Moody's Investors Service Inc. downgraded American Media to Caa1 with a negative outlook from B3 on July 8, citing deteriorating liquidity, high leverage, and a tight margin on the leverage covenant for the revolver.
The ratings agency anticipates that the company's debt-to-Ebitda ratio will rise to 9 to 10 times.
The source familiar with the situation said American Media is in the best position it has been in for the last five years, and that the outlook is improving.
The company, however, has hit a rough patch after one of its two main wholesalers filed for bankruptcy, disrupting its distribution process and cutting into its revenues.
The wholesaler, Source Interlink Distribution LLC, filed for Chapter 11 on June 23 in the U.S. Bankruptcy Court for the District of Delaware in Wilmington after previously reorganizing in the 2009 bankruptcy of its former parent, Source Interlink Cos.
Source Interlink Distribution, the second-largest magazine wholesaler in the country, filed after its biggest customer, Time Inc., terminated its contract with the company.
The wholesaler, which was responsible for transporting magazines from warehouses to stores, accounted for 18% of American Media's revenues during the quarter ended Dec. 31.
American Media's national distributor is trying to replace the lost business from Source Interlink, but the company estimated on July 1 that the transition period could result in a $10 million to $20 million hit to its revenues. This is an increase from the American Media's June 3 estimate of a $5 million to $10 million revenue cut.
American Media also warned on June 3 that it has exposure to $5 million to $7 million in bad debt related to Source Interlink.
The company's financial troubles are nothing new.

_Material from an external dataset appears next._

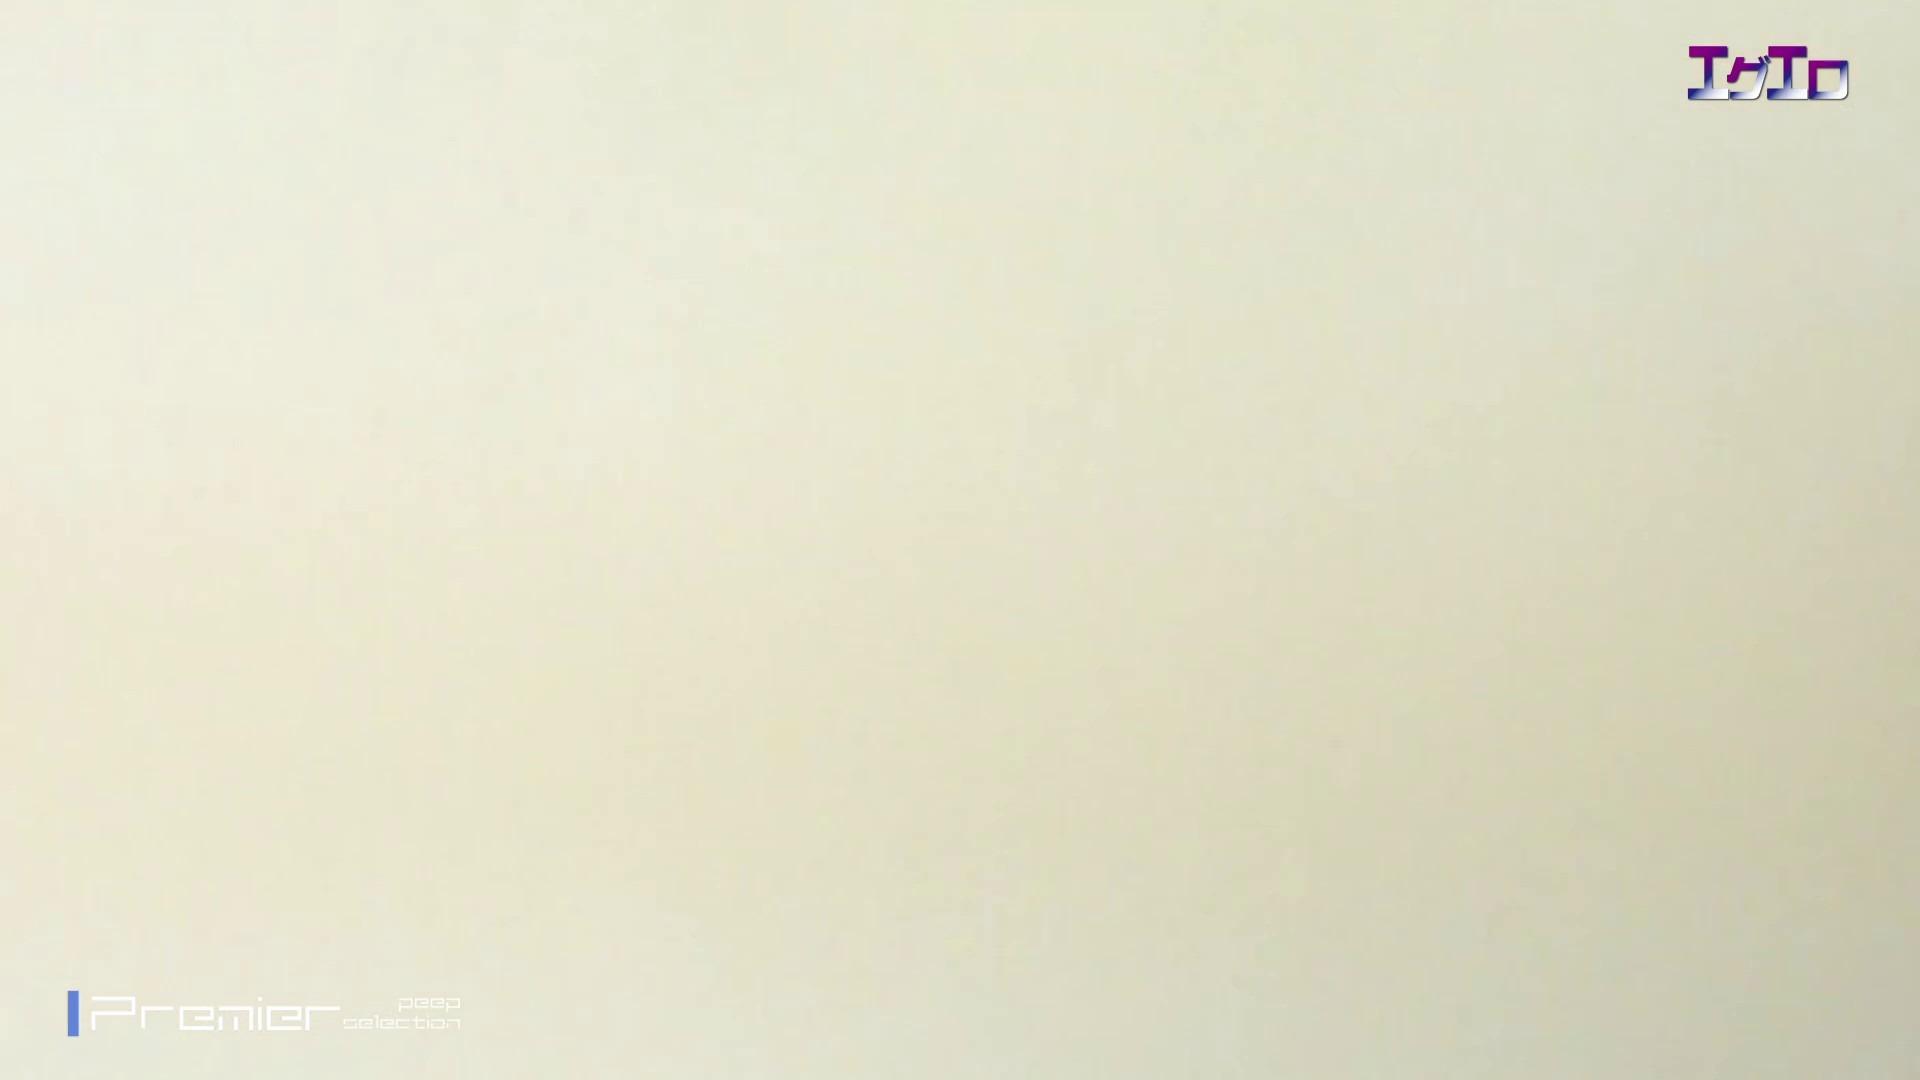 執念の撮影&追撮!!某女子校の通学路にあるトイレ 至近距離洗面所 Vol.16 洗面所  58pic 27

Its 2010 bankruptcy filing came after an out-of-court debt exchange offer fell through. American Media had been in restructuring talks for two years and blamed cuts in discretionary spending for decreased single-copy circulation and ultimately a liquidity crunch that had made it difficult to pay its debts.
The prepack hinged on two note offerings for first- and second-lien debt and used the proceeds to pay its prepetition term loan lenders.
As of the quarter ended Dec. 31,American Media had $565.84 million in consolidated assets and $692.81 million in consolidated liabilities.
During the quarter ended Dec. 31, revenues were down to $74.65 million, compared to $85.32 million during the same quarter last year. The net loss attributable to American Media during the fourth quarter was $50.38 million, compared to a net loss of $57.9 million during the fourth quarter of 2012.
- Jamie Mason contributed to this report.